Nicholas Brendon Schultz (born April 12, 1971), known professionally as Nicholas Brendon, is an American actor and writer. He is best known for playing Xander Harris in the television series Buffy the Vampire Slayer (1997–2003) and Kevin Lynch in Criminal Minds (2007–2014).

Brendon played Xander Harris for seven years and appeared in all but one of 144 episodes. For his role as Xander, Brendon was nominated for a Saturn Award in 1998 and 1999 for Best Genre TV Actor and in 2000 for Best Supporting Actor. He continues to regularly attend comic conventions and sci-fi conventions. He has been involved in development of Xander's character in follow-up comic books, and has been credited as a writer for several issues.

Although Brendon has continued to work as an actor, with regular recurring parts in TV series and starring roles in limited release films such as Coherence and Big Gay Love, his struggles with substance misuse and depression have overshadowed his professional career.
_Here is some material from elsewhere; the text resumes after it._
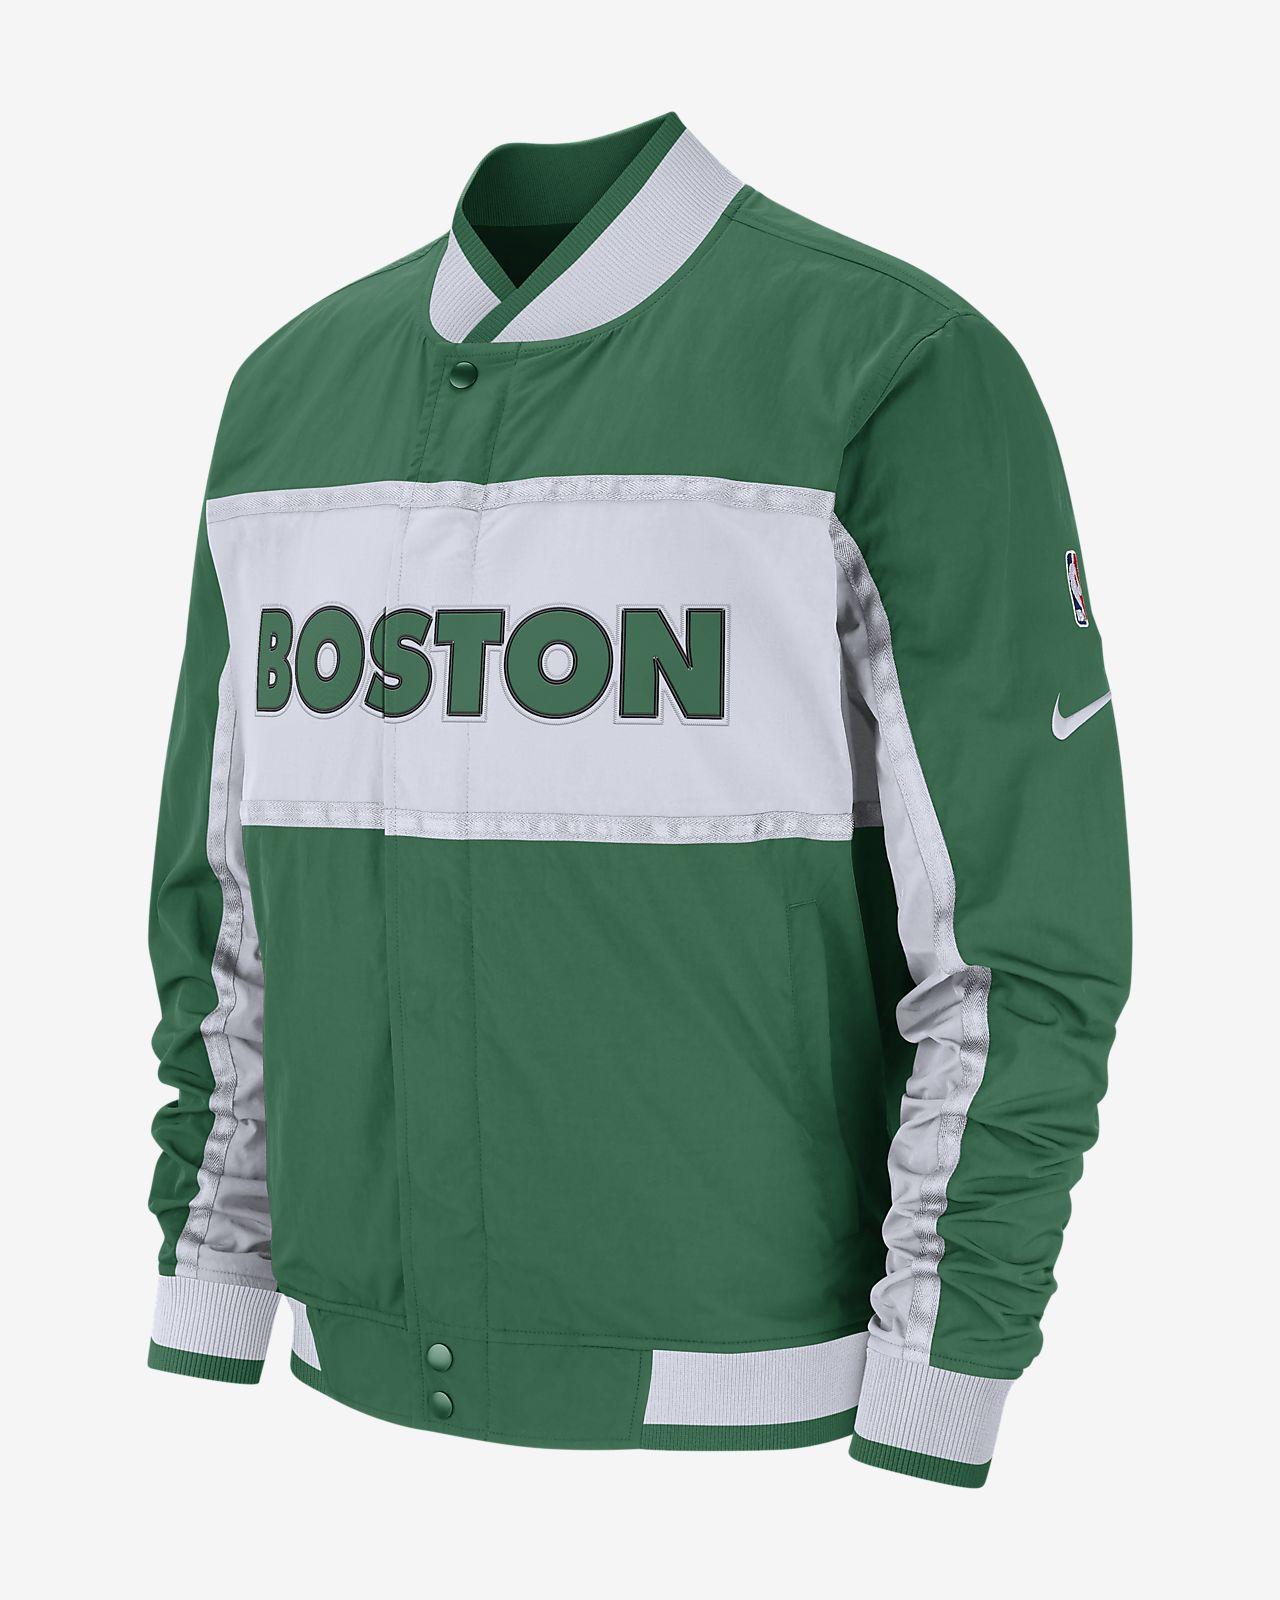 8a2d7a284 Boston Celtics Nike Courtside Men s NBA Jacket. Nike.com BE

Brendon has attracted public attention for his multiple arrests and convictions on a variety of charges since 2010.

Early life 
Nicholas Brendon was born Nicholas Brendon Schultz on April 12, 1971 in Los Angeles, three minutes after his identical twin brother, Kelly Donovan. He was born the second of four boys, with two younger brothers.

As a child, he aspired to become a professional baseball player, but he "lost the passion for it" at 20. Instead, he decided to pursue acting to help manage his stutter, which had first become apparent at age seven or eight, and had made him so fearful of speaking or interacting with strangers that he did not begin dating until 21 or 22. Brendon comments, "Every day I still have to remind myself to slow down and concentrate. Constant repetition of tongue-twisters was like lifting weights for me, but patience and persistence have paid off." Brendon has done work for the Stuttering Foundation of America, which approached him around 2001, and made him its honorary chairperson for its National Stuttering Awareness Week in May 2001.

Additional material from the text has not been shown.